=== What you need to do ===
The listing that follows must be retyped exactly, without its pictures.

=== Data block ===

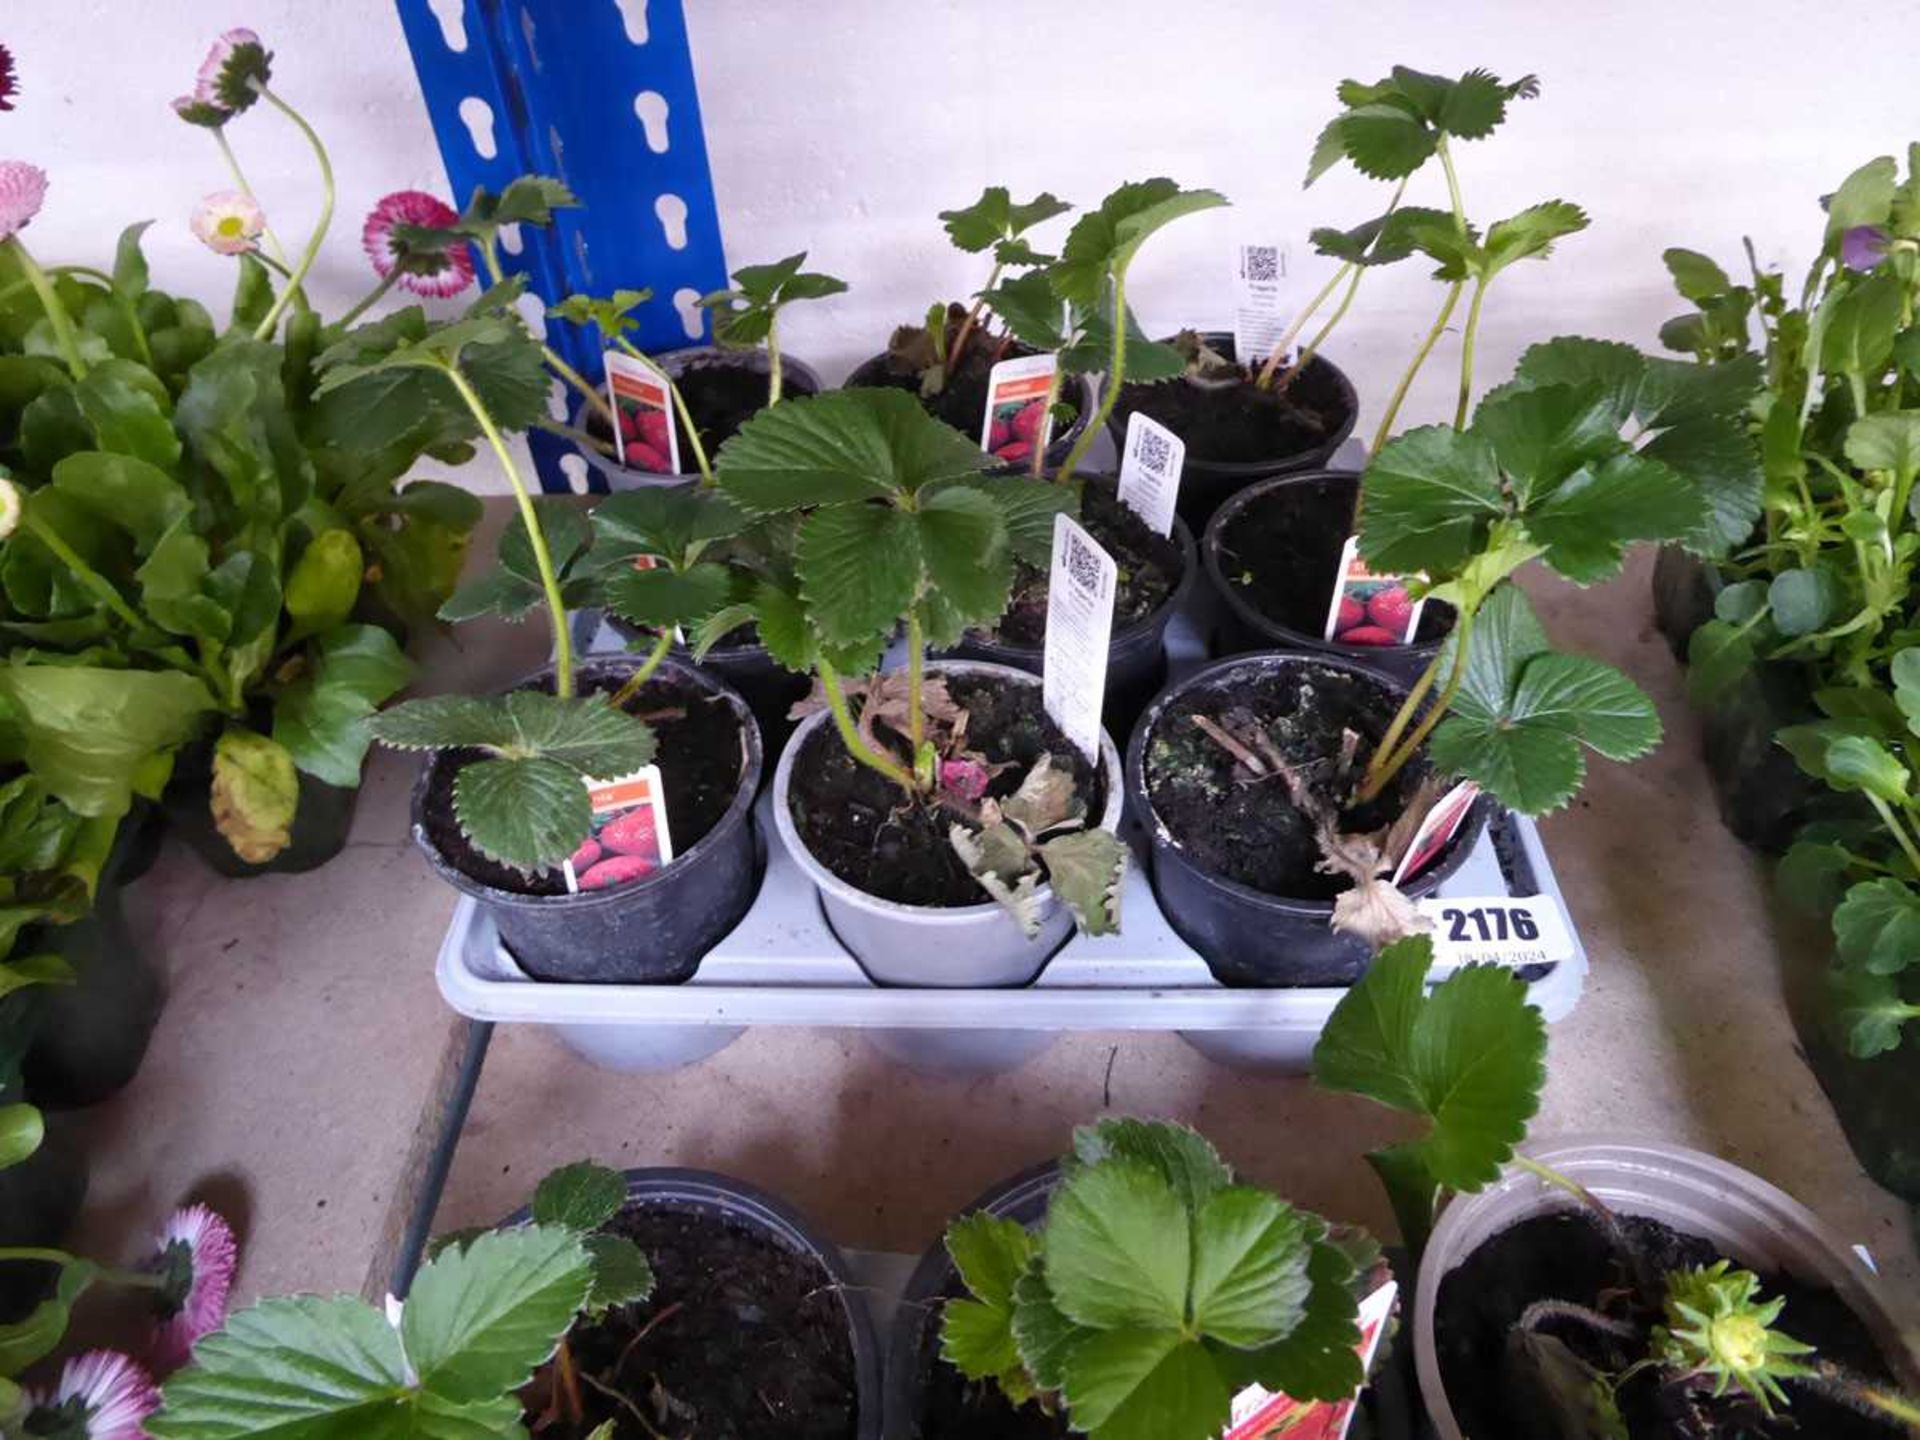 Tray containing 9 pots Elsanta strawberry plants
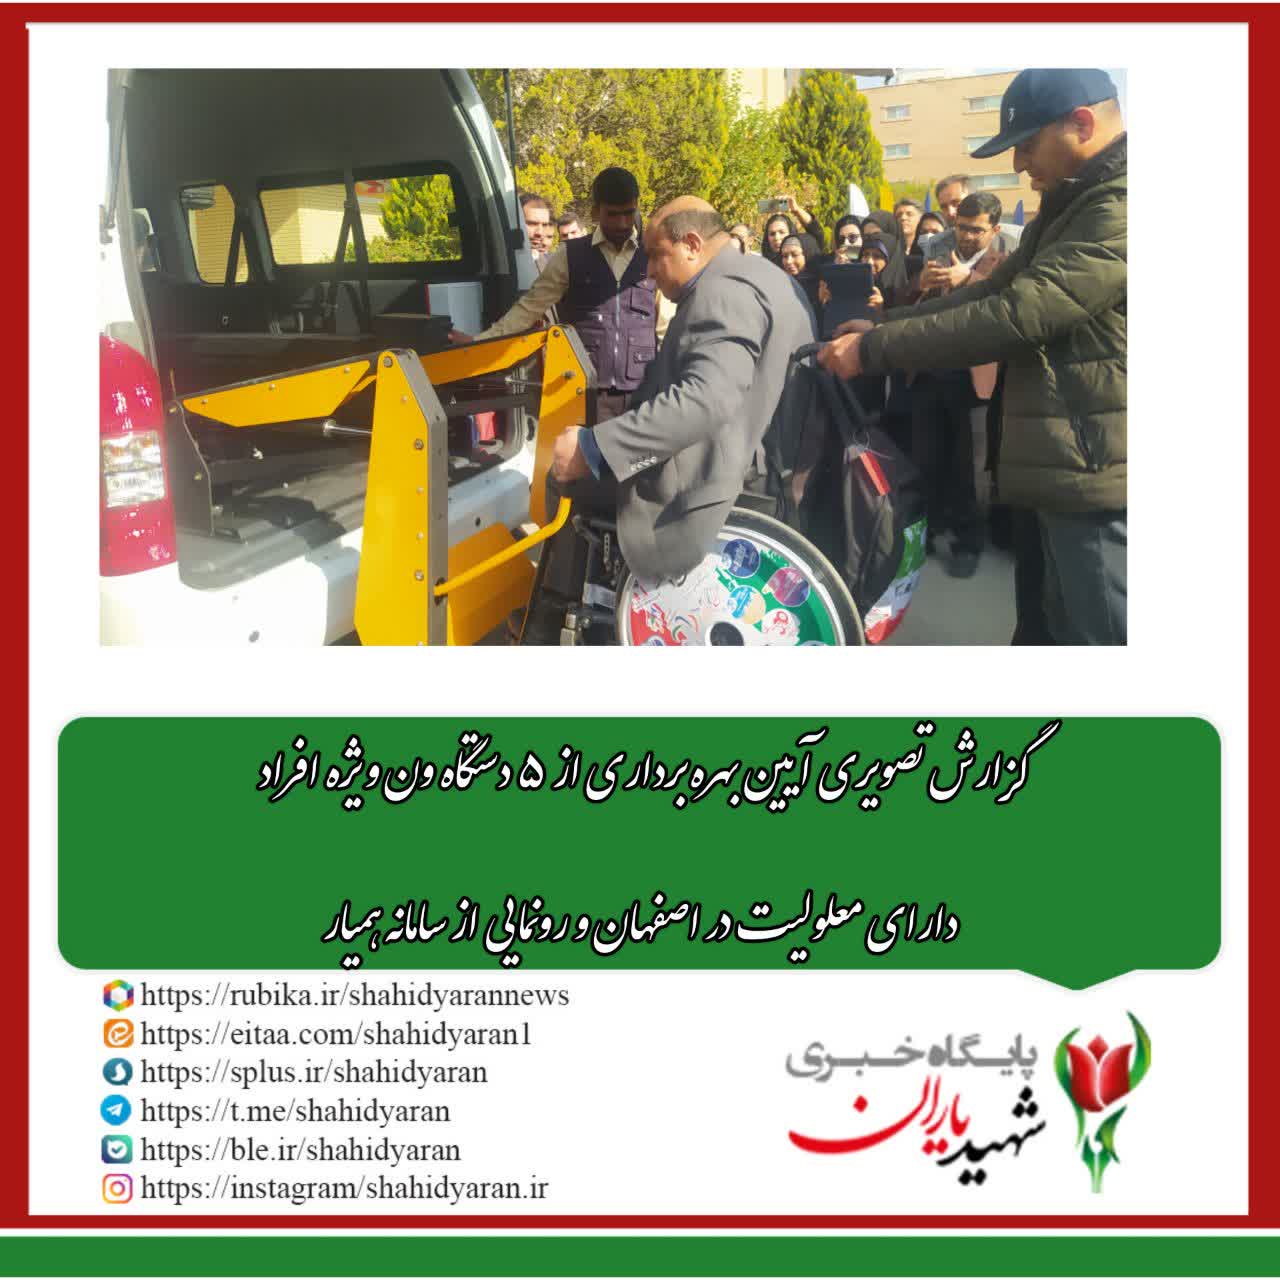 گزارش تصویری آیین بهره برداری از ۵ دستگاه ویژه افراد دارای معلولیت در اصفهان و رونمایی از سامانه همیار:
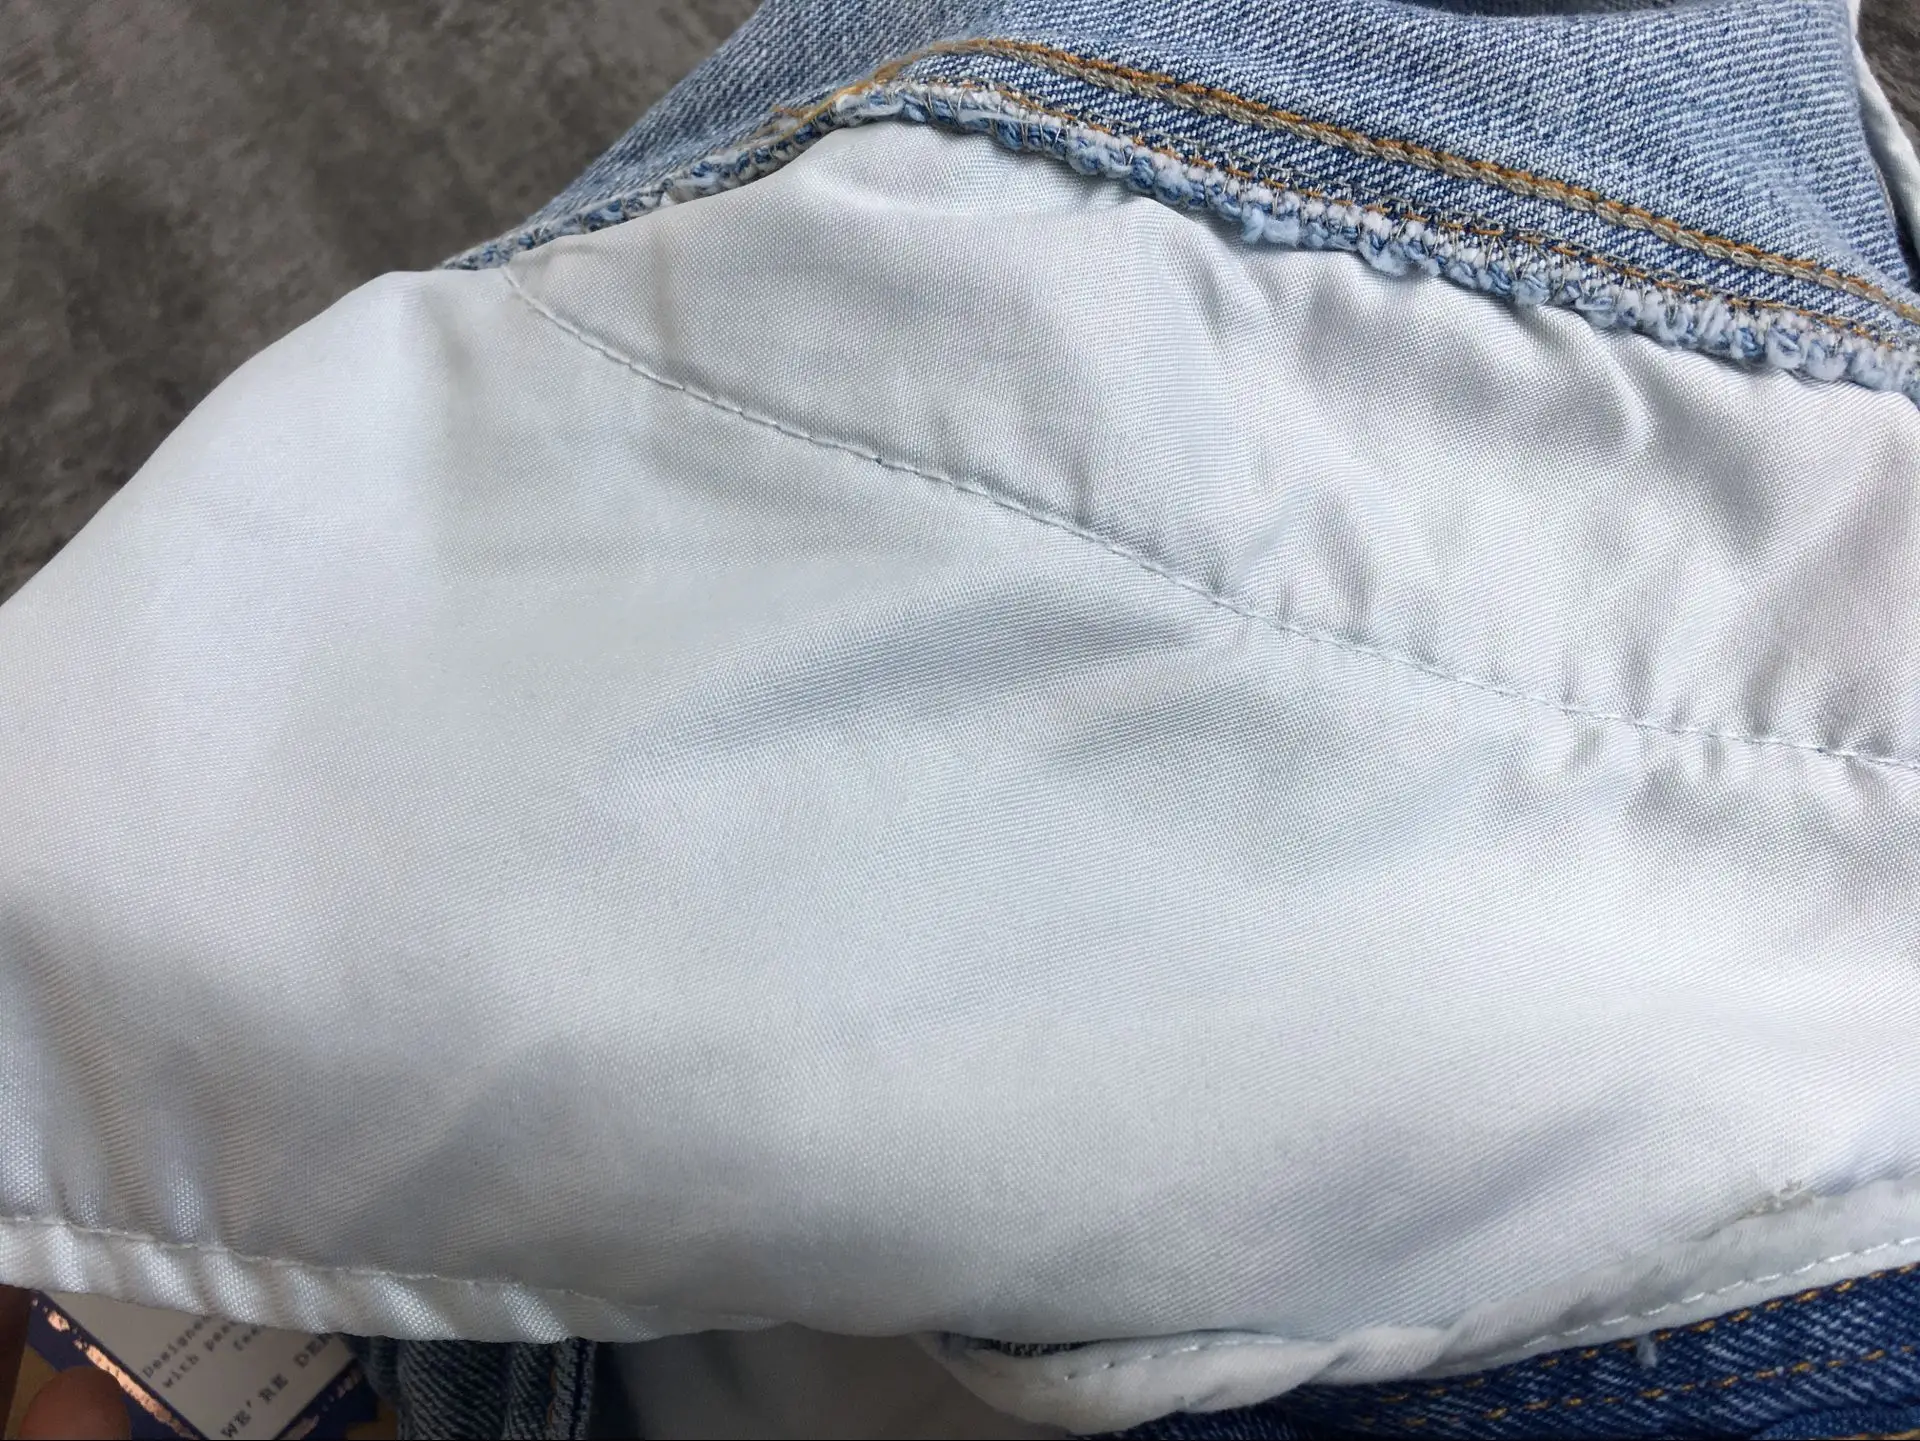 Новая одежда Высокая талия Досуг свободные широкие ноги Потертая джинсовая ткань специальный крой и Осень-зима женские брюки девять минут

=== Problem solution ===
 Tray containing 9 pots Elsanta strawberry plants
 گزارش تصویری آیین بهره برداری از ۵ دستگاه ویژه افراد دارای معلولیت در اصفهان و رونمایی از سامانه همیار:
 Новая одежда Высокая талия Досуг свободные широкие ноги Потертая джинсовая ткань специальный крой и Осень-зима женские брюки девять минут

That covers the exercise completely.